1917 год: русская государственность в эпоху смут, реформ и революций

Димитрий Чураков
100
10
(1 голос)
0 0

Аннотация: В монографии, приуроченной к столетнему юбилею Революции 1917 года, автор исследует один из наиболее актуальных в наши дни вопросов – роль в отечественной истории российской государственности, его эволюцию в период революционных потрясений. В монографии поднят вопрос об ответственности правящих слоёв за эффективность и устойчивость основ государства. На широком фактическом материале показана гибель традиционной для России монархической государственности, эволюция власти и гражданских институтов в условиях либерального эксперимента и, наконец, восстановление крепкого национального государства в результате мощного движения народных масс, которое, как это уже было в нашей истории в XVII веке, в Октябре 1917 года позволило предотвратить гибель страны. Автор подробно разбирает становление мобилизационного режима, возникшего на волне октябрьских событий, показывая как просчёты, так и успехи большевиков в стремлении укрепить революционную власть. Увенчанием проделанного отечественной государственностью сложного пути от крушения к возрождению автор называет принятие советской Конституции 1918 года. В формате a4.pdf сохранен издательский макет.

0
283
57
1917 год: русская государственность в эпоху смут, реформ и революций

Читать книгу "1917 год: русская государственность в эпоху смут, реформ и революций"




Демократия или кавардак: О некоторых неоднозначных аспектах революции 1917 года

Одним из наиболее принципиальных и дискуссионных вопросов истории революции 1917 года является вопрос о соотношении революции и демократии.
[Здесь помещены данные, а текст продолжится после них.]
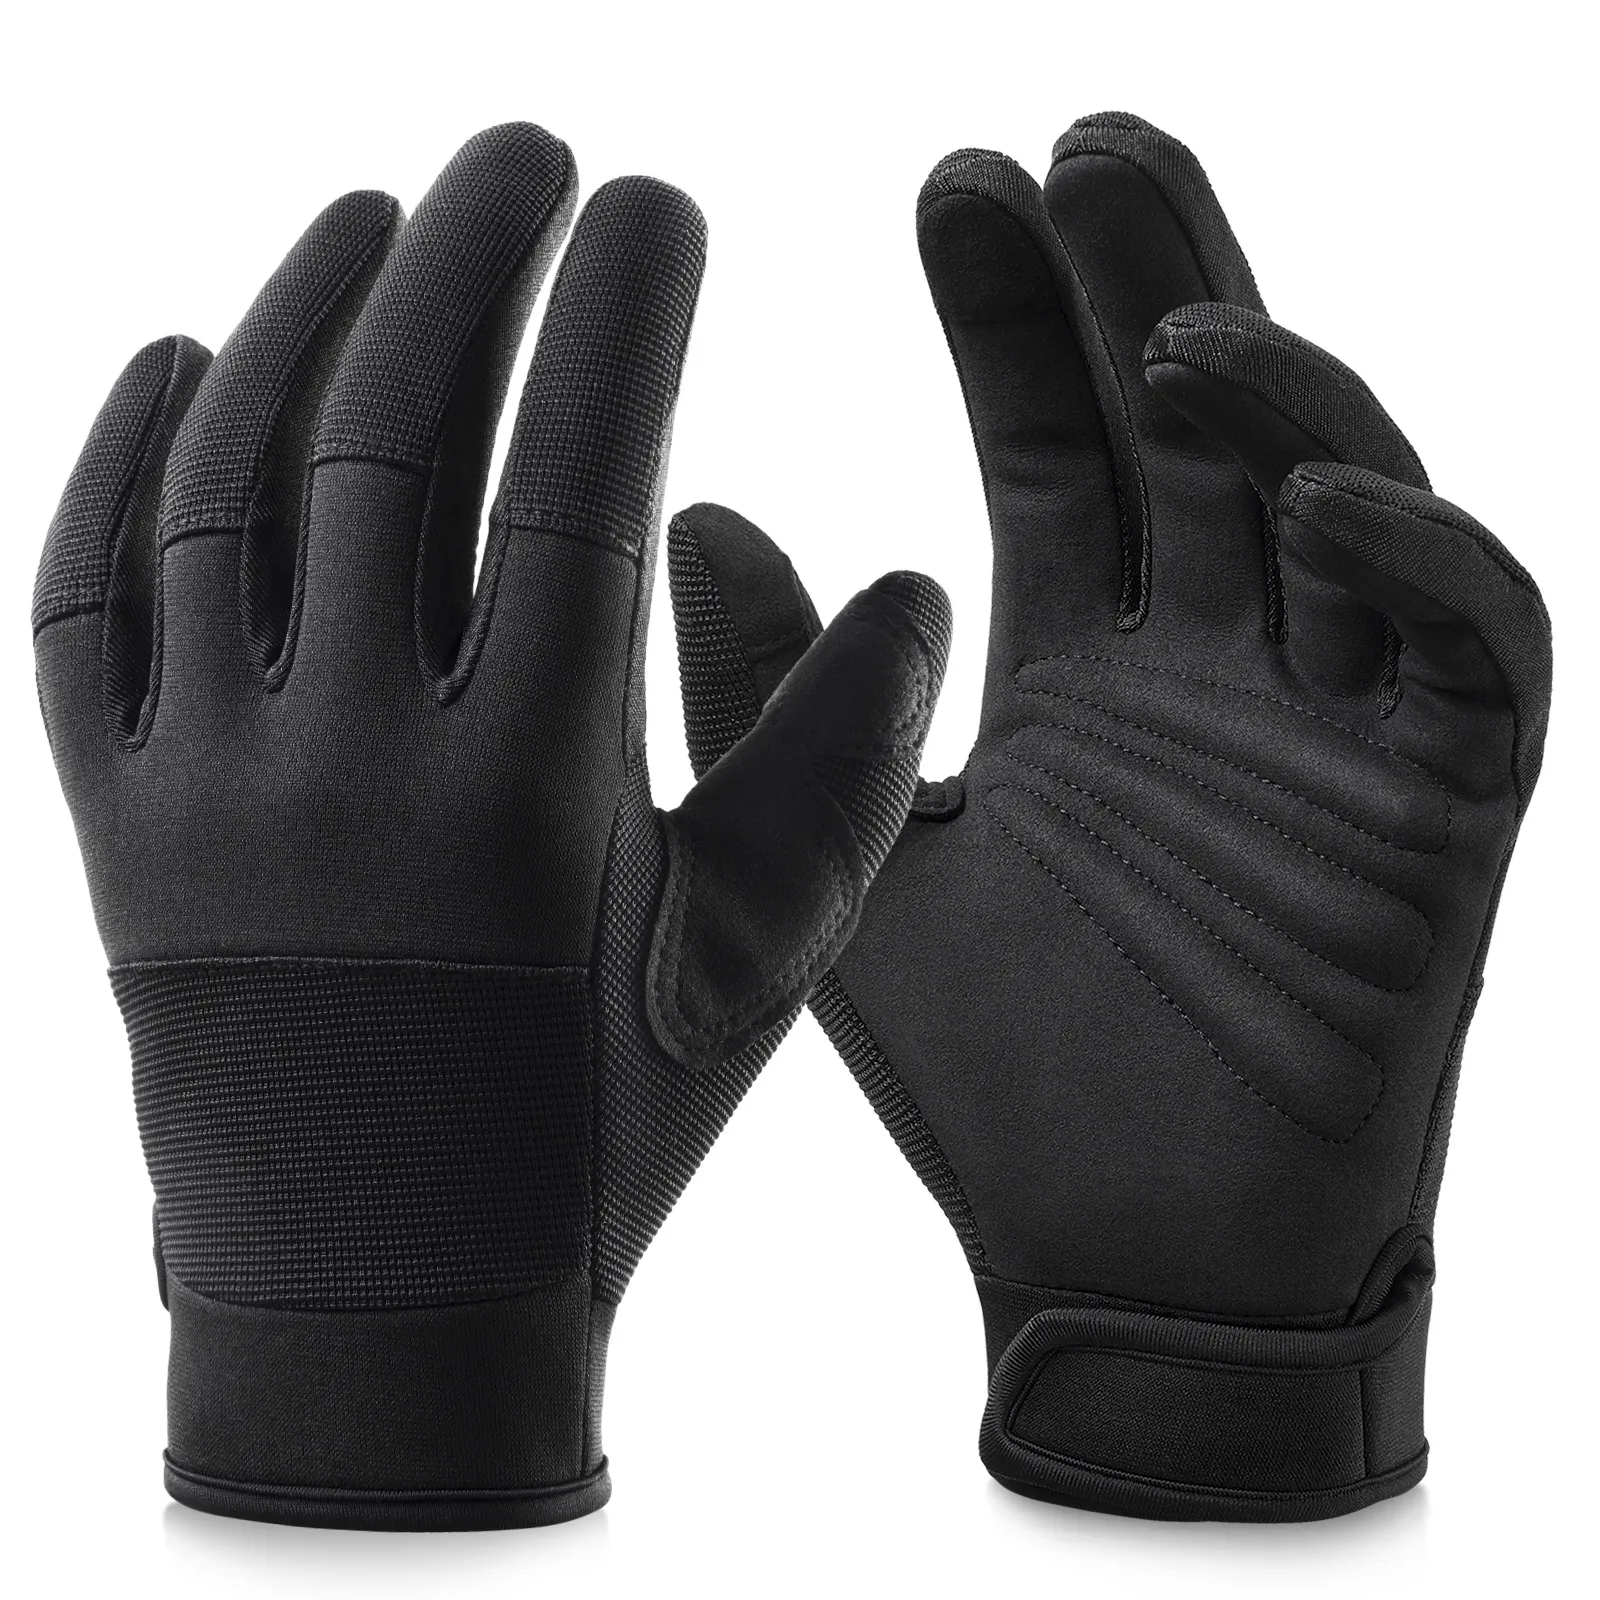 https://ae01.alicdn.com/kf/Sa025a40c18ff41f4838e210b9fb8d019v/OZERO-Military-Outdoor-Glove-Men-Women-Utility-Mechanic-Working-Glove-High-Dexterity-TouchScreen-For-Multipurpose-Excellent.jpg

Демократический характер революции, демократические силы, учувствовавшие в ней, демократические лозунги и демократическая реальность этих лозунгов… всё это остаётся в центре внимания не только научного сообщества, но и общества в целом. Словом, одной из центральных историографических проблем остаётся проблема демократического потенциала 1917 года: миф ли это или всё же реальность? Понятно, что занимаясь гражданскими институтами в России, я не мог пройти мимо данной острой тематики, которая позволяет мне не ограничиваться освещением какого-либо узкого, сугубо прикладного вопроса, а поделиться с коллегами общими оценками революции, накопившимися у меня за последние несколько лет научных изысканий. Надеюсь, что полученные мною выводы могут оказаться интересными и вызовут заинтересованные отклики, что позволит в дальнейшем поработать над их корректировкой.
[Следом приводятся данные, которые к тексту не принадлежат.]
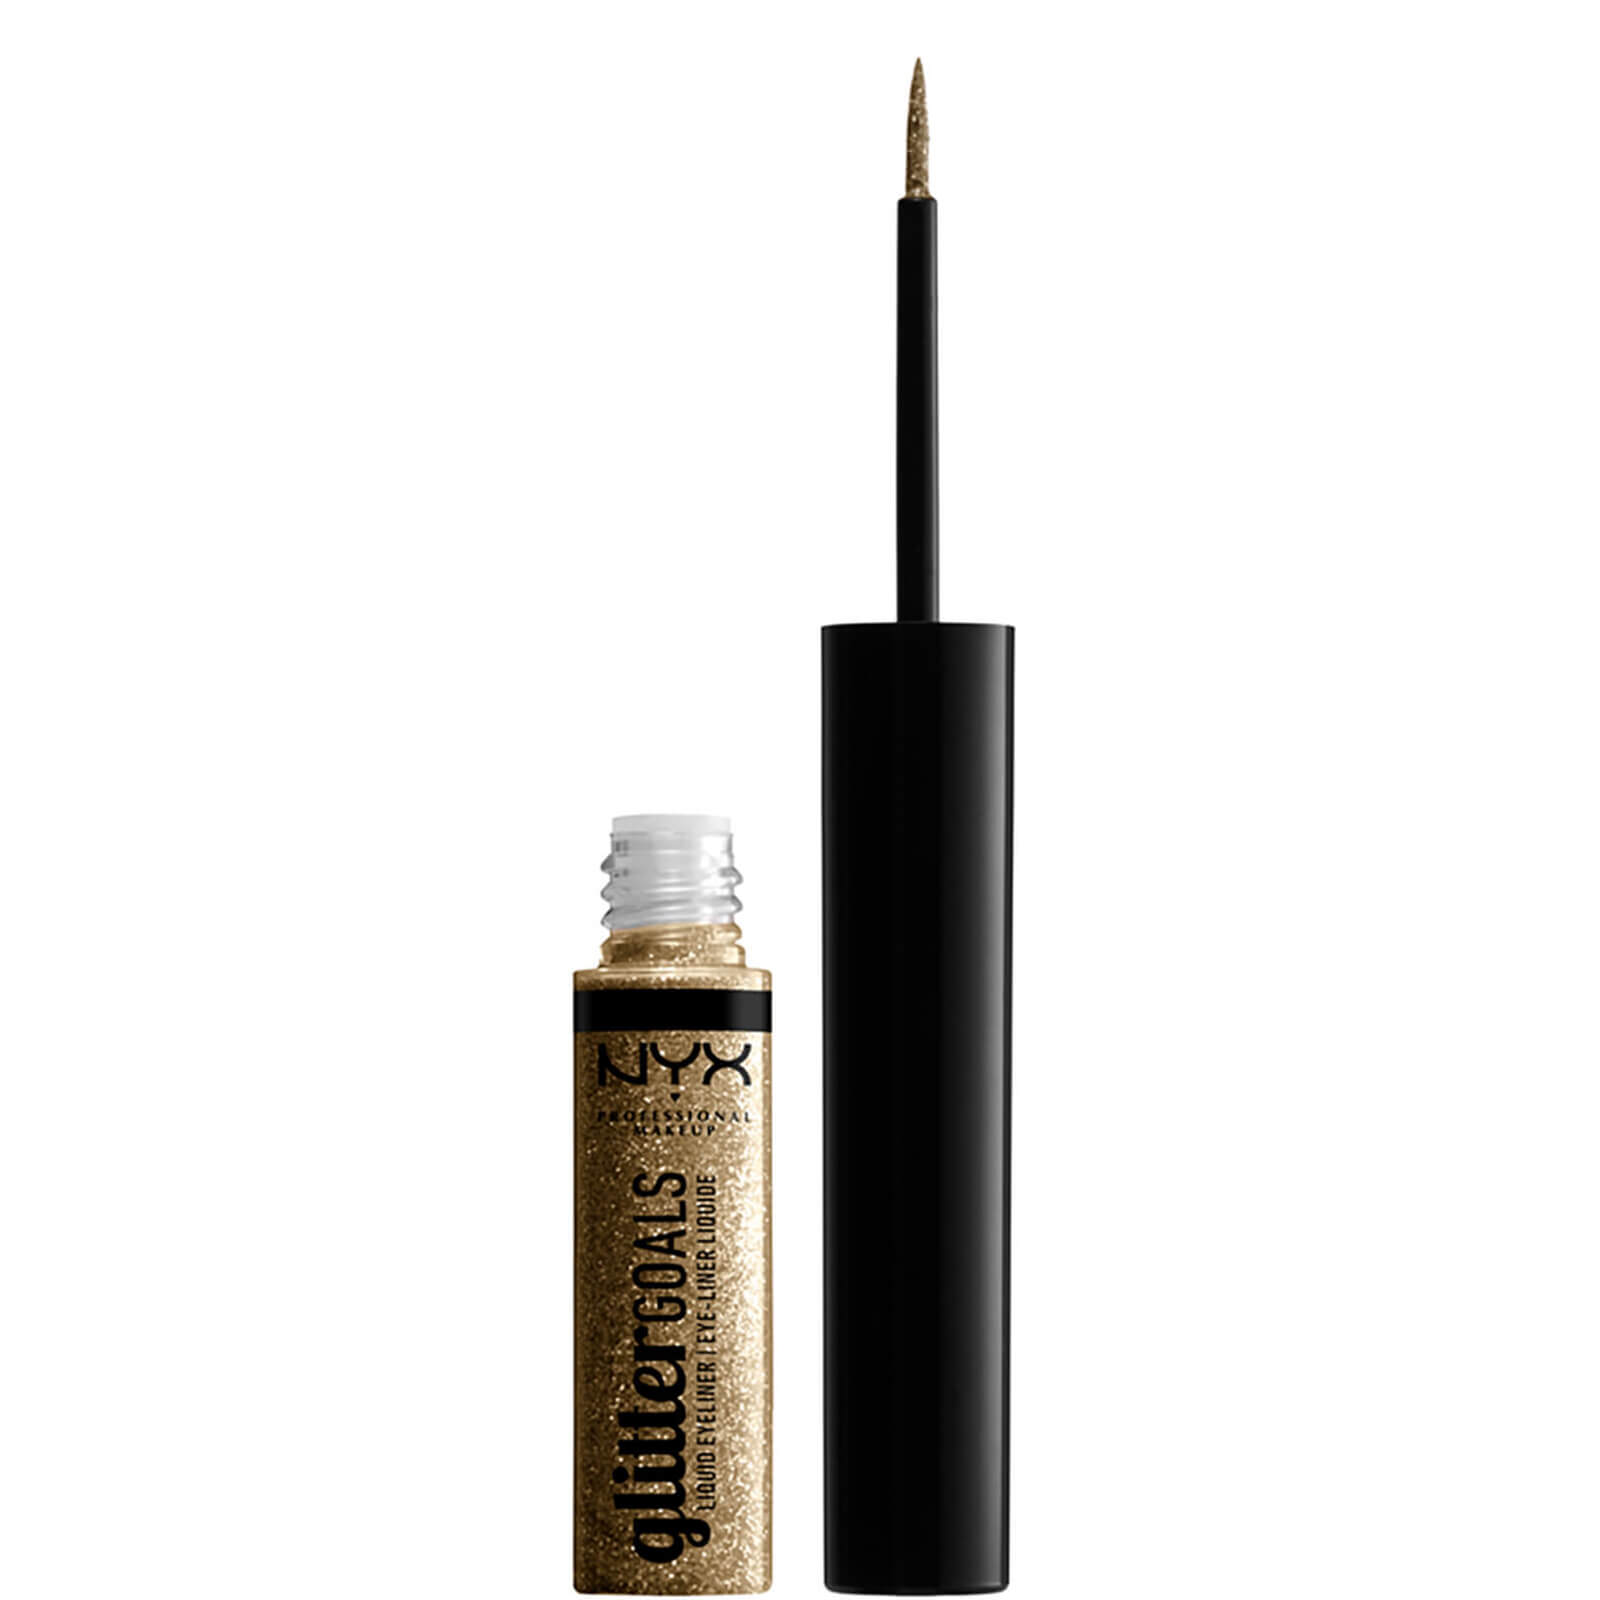 NYX Professional Makeup Glitter Goals Liquid Eyeliner (Various Shades) - Zodiac Queen

Лично меня проблема демократического потенциала русской революции заинтересовала в силу очевидного несоответствия определения Февральской революции как демократической и того общественного устройства, которое после этой революции сложилось. Когда советские историки писали о Феврале как о революции буржуазно-демократической, они подразумевали отвлечённые, но вполне корректные в рамках господствовавшей тогда идеологии вещи. Февраль означал переход от феодализма к капитализму – значит, революция буржуазная. Движущей силой выступили народные массы – значит, революция демократическая. Но если сейчас Февраль называют революцией демократической, то почему же он не привёл к установлению в России демократии?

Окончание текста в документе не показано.